Seventy-seven year old Jack Owen sells boiled peanuts, cold drinks, live fishing bait, raccoon tail hats, rustic furniture, hand-made gourd birdhouses, walking sticks and old-fashioned toys among other things at the Toxaway Falls Stand, a small roadside shack in the mountains of Lake Toxaway, North Carolina. Lake Toxaway was the first artificial lake to be built in the Appalachian Mountains in 1902. Jack's father Victor, who was partially blind and could not work a conventional job, built the stand next to the falls in 1947 as a way of supporting himself. "Back then in this area there wasn't much going on and my daddy placed a stand on the other side of the bridge over the falls selling birdhouse, drinks and not much of nothing to tell you the truth," explains Jack. In the 1960's a real estate development team arrived in Toxaway, set up a sales office and moved his fathers stand using a logging truck down the street to its current location along U.S 64. Over the years the stand has become a reoccurring stop for visitors who when asked can remember exactly what they bought the first time when they came as a kid.

Jack took over the family business when his father passed away twelve years ago. "I enjoy doing it- I am too old to do anything, but I still enjoy it, it gives me a chance to shoot a lot of bull," Jack says. People often stop by just to talk and he is always willing to tell anybody what they want to hear. Today his daughter and granddaughter are helping him work. His wife, who is into real estate, also stops by most mornings to help set up. They live four miles away from the stand. The Owen family was among the first pioneers to reach North Carolina, or what was then the Hogback Valley, in the 1800’s. Attempting to pull my leg, his daughter nodding her head, Jack tells me, "See this mountain behind me, I remember when that thing wasn't bigger than a potato." 
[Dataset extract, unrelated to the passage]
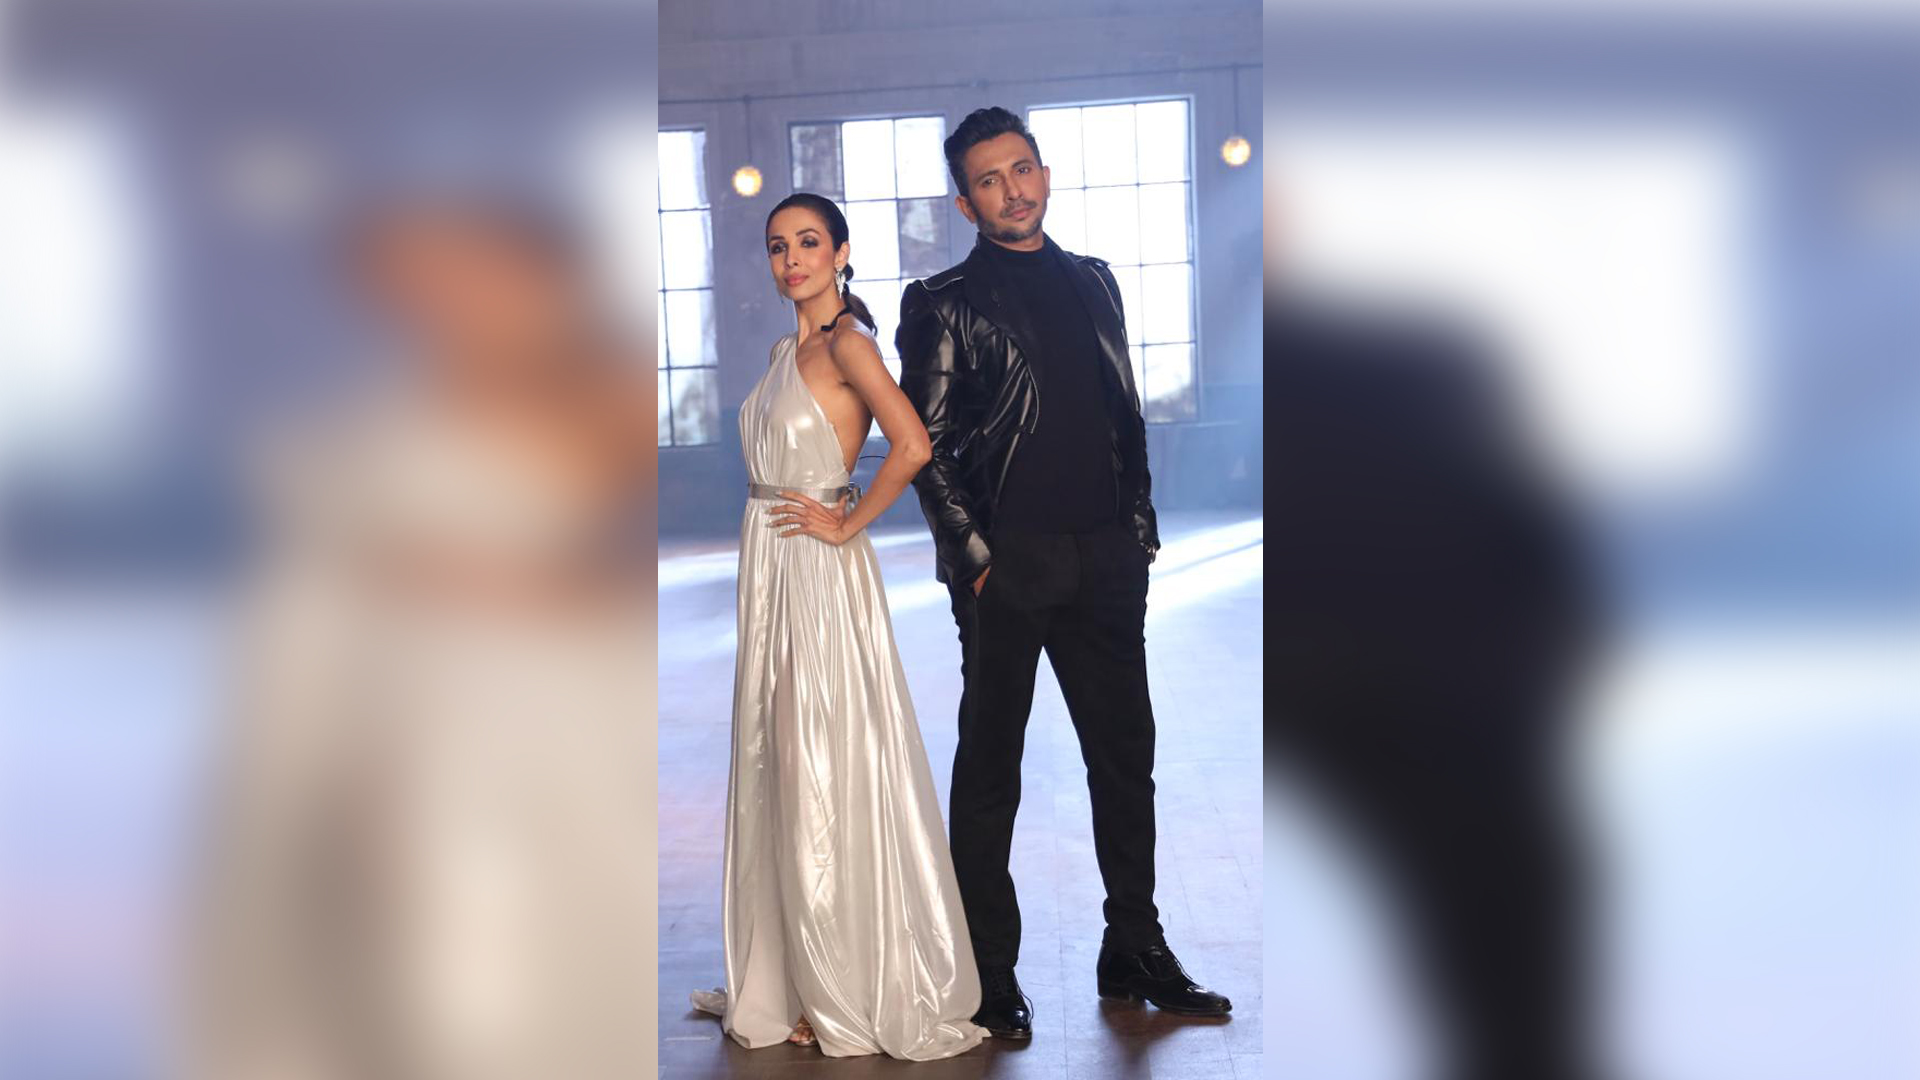 Malaika Arora was Terence’s student 20 years ago Or After 20 years, Terence and Malaika come together to judge India’s Best Dancer

Nowadays Jack tells me that it is hard to say what his favorite thing is about North Carolina because it's become too expensive to live there. Taxes and real estate prices have exceedingly increased as outsiders have come in and built huge summer homes. "If you want to buy something you can't find it or afford it," Jack explains. He considers himself lucky because the stand has no overhead and he can afford to sell his merchandise cheaper than anybody in town. Most of the items he sells come from local artisans and farmers. He also purchases his furniture from Amish families in Pennsylvania and sells a lot of Cyprus from Georgia. I asked Jack if he made anything in the store and he answered, "Sugar, it keeps me busy just being here." Jack says people really love his boiled peanuts and just last weekend a lady came by and bought six bags that she shipped back to California.  Financially the stand does pretty well. Jack thought this year would be slow with the heat,  "But you know I've done better this year than I have ever done!" The Toxaway Falls Stand is open during the spring, summer, and fall.  Little has change about it's appearance. Once Jack thought about putting a little paint on it to make it look fancier, but people kept telling him not to, so he left it alone.

"I guess you would consider me an old timer, but I didn't used to be," says Jack who will turn 78 in November.














Jack with his daughter and granddaughter

1 comment:

Gordon Pierce said...

Hi all,
I grew up with stories of the Toxaway Falls stand as told by my grandfather Zeb Owen, whose brother was Vincent Owen. Zeb Owen lived to a ripe old age of 93 and told wonderful tales of his boyhood home in NC to the end. I am currently retired and plan to visit the area this coming fall. Hope to meet Owen family members and find out more about my old ancestral home.

Best to all,

Gordon Pierce
Living in our RV fulltime and home based in Texas.